Il a plutôt passé les derniers mois à prononcer des discours devant de petits groupes d’invités et de journalistes à proximité de son domicile dans le Delaware, et à organiser des événements virtuels avec des partisans et des donateurs.

Selon M. Trump, cela montre que M. Biden n’a pas l’endurance nécessaire pour mener une campagne à part entière. Les conseillers de M. Biden affirment que les électeurs veulent voir leurs dirigeants respecter les mêmes directives de santé publique qu’ils incitent les autres à suivre.

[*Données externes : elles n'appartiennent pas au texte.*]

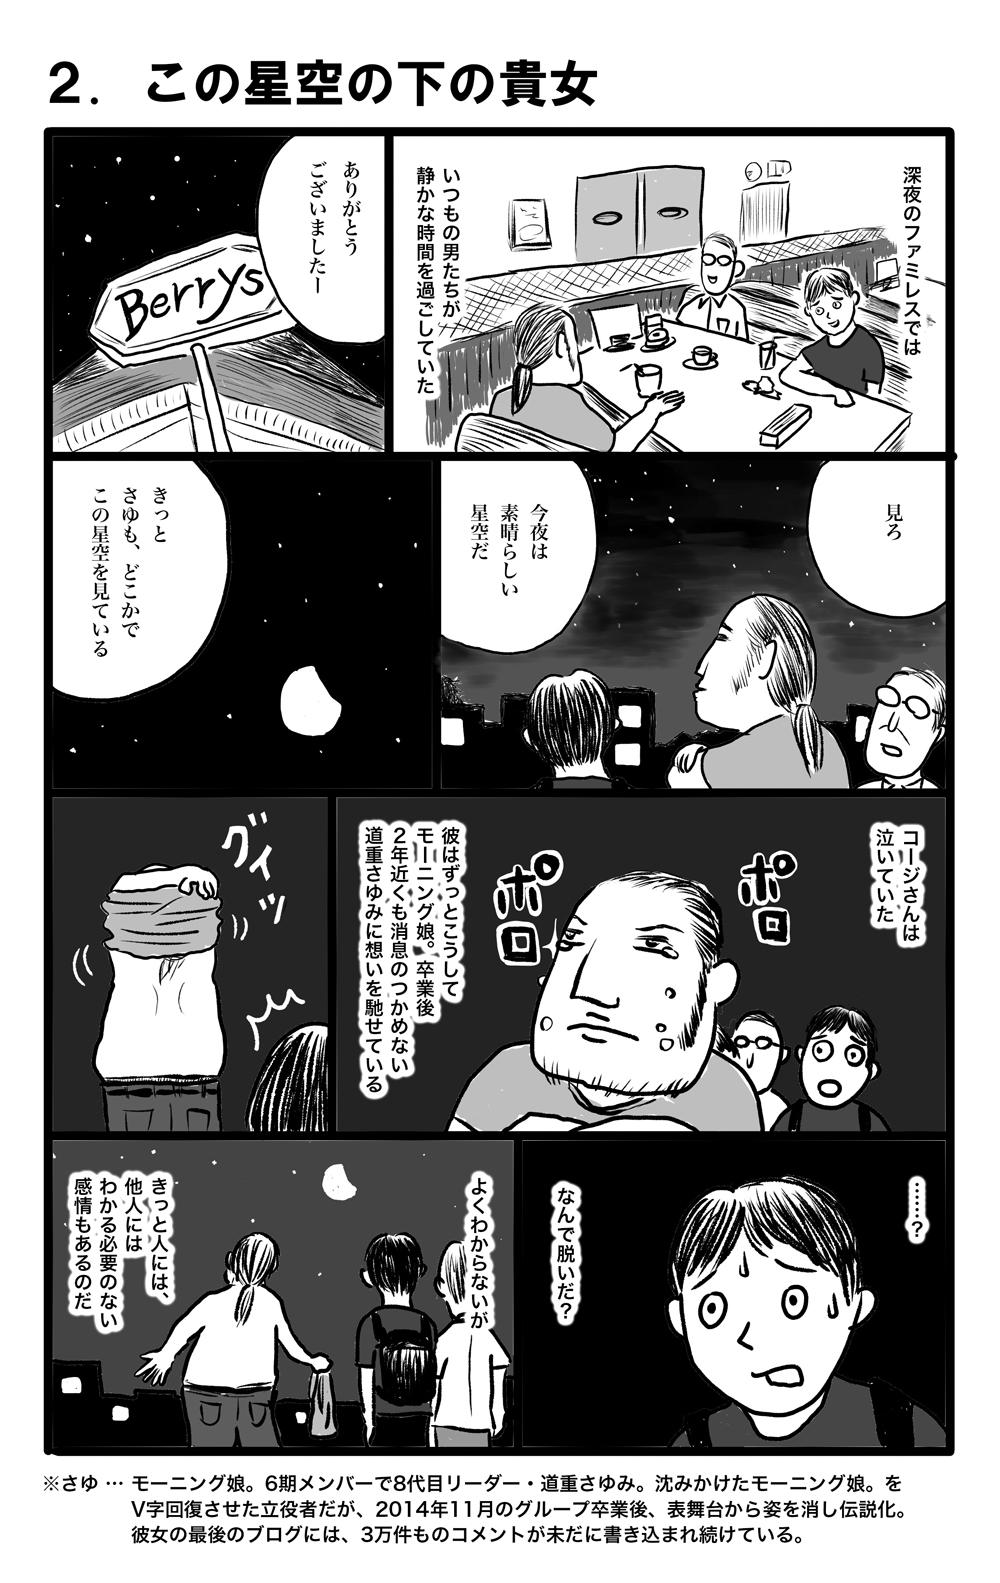 tsurugi-mikito-002
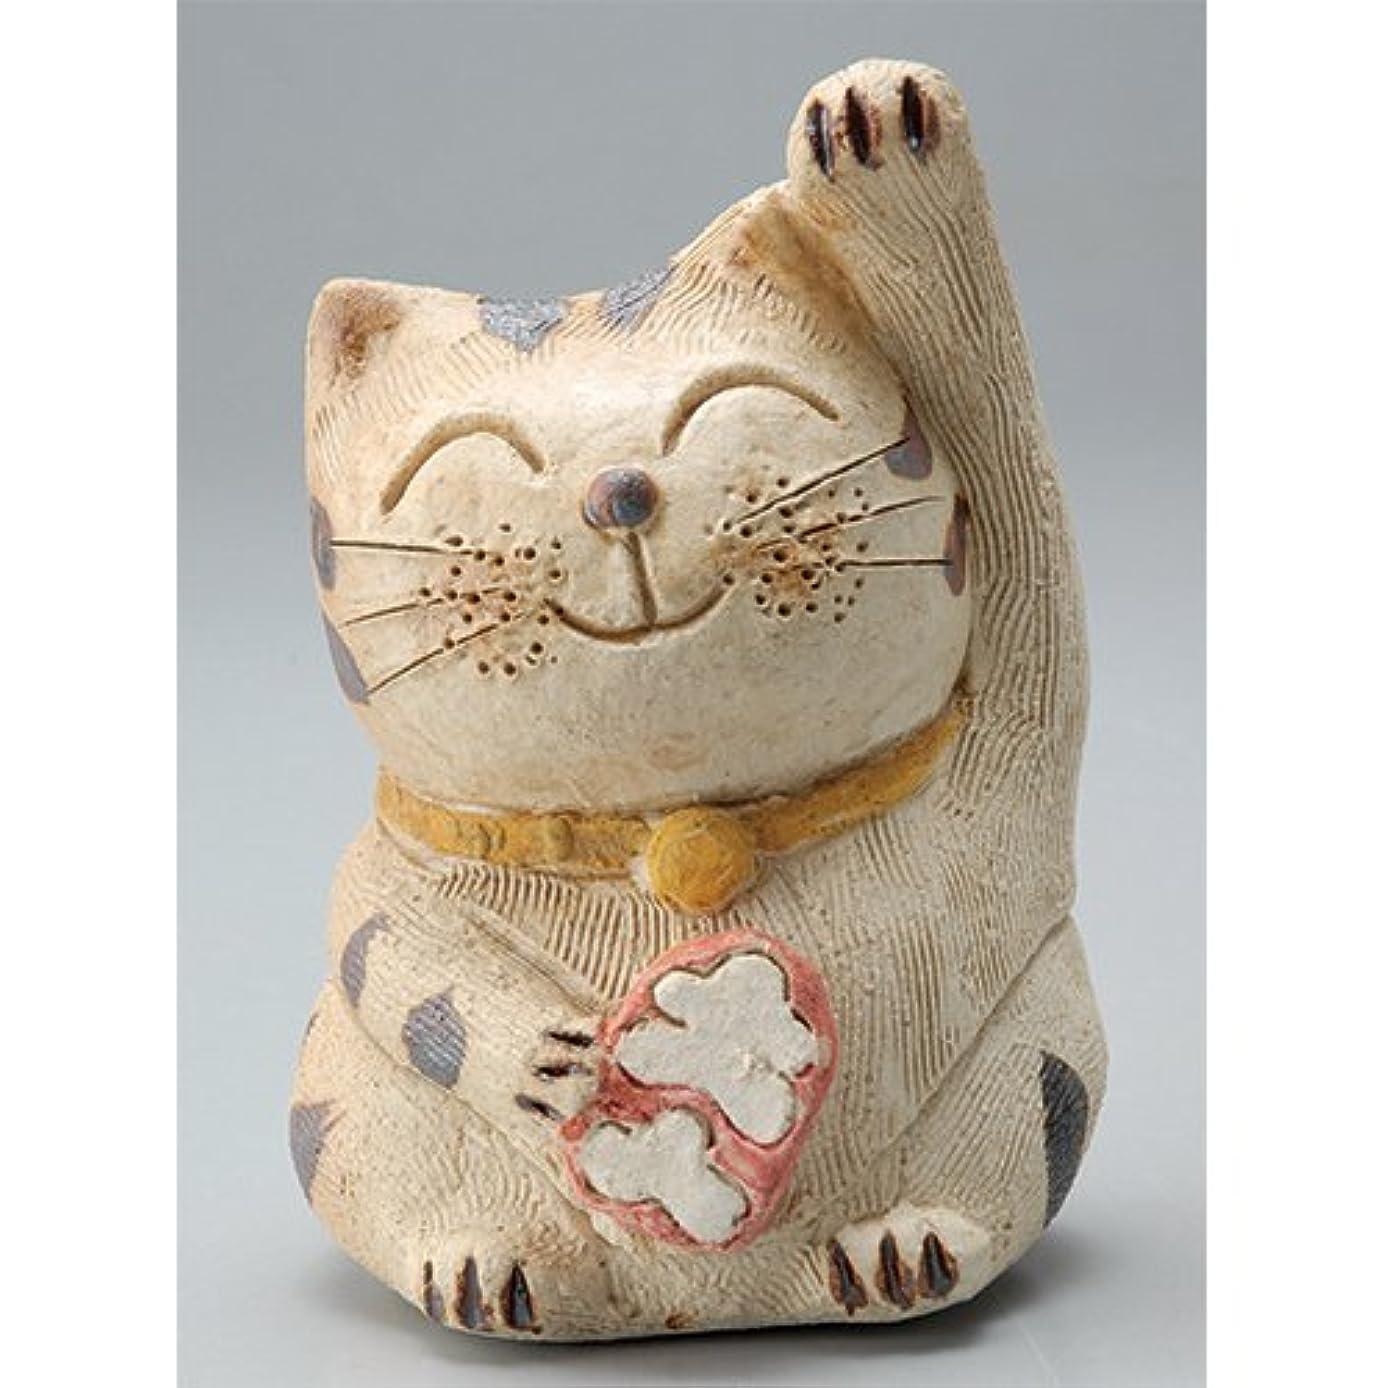 工業用読む遠征香炉 微笑み招き猫(人招き)香炉(小) [H8.5cm] HANDMADE プレゼント ギフト 和食器 かわいい インテリア

Les démocrates ont été soutenus par des sondages d’opinion publique qui ont montré que Biden devançait Trump, à la fois au niveau national et dans certains États du champ de bataille, par une marge confortable. Cependant, les conseillers de Biden avertissent qu’ils s’attendent à ce que la course se resserre dans la dernière ligne droite avant le jour de l’élection, car un plus grand nombre de républicains qui pourraient être mécontents des performances de Trump gravitent autour du chef de leur parti.

Dans l’ensemble, 38 % des Américains approuvent la performance du président dans le cadre de son travail, ce qui est bien dans la fourchette étroite que les notes d’approbation de Trump ont maintenu tout au long de cette présidence, mais en légère baisse par rapport au début de l’année avant la pandémie.

La plupart des républicains approuvent à 81 % les performances professionnelles de M. Trump, mais seulement 68 % des républicains soutiennent sa gestion de la pandémie.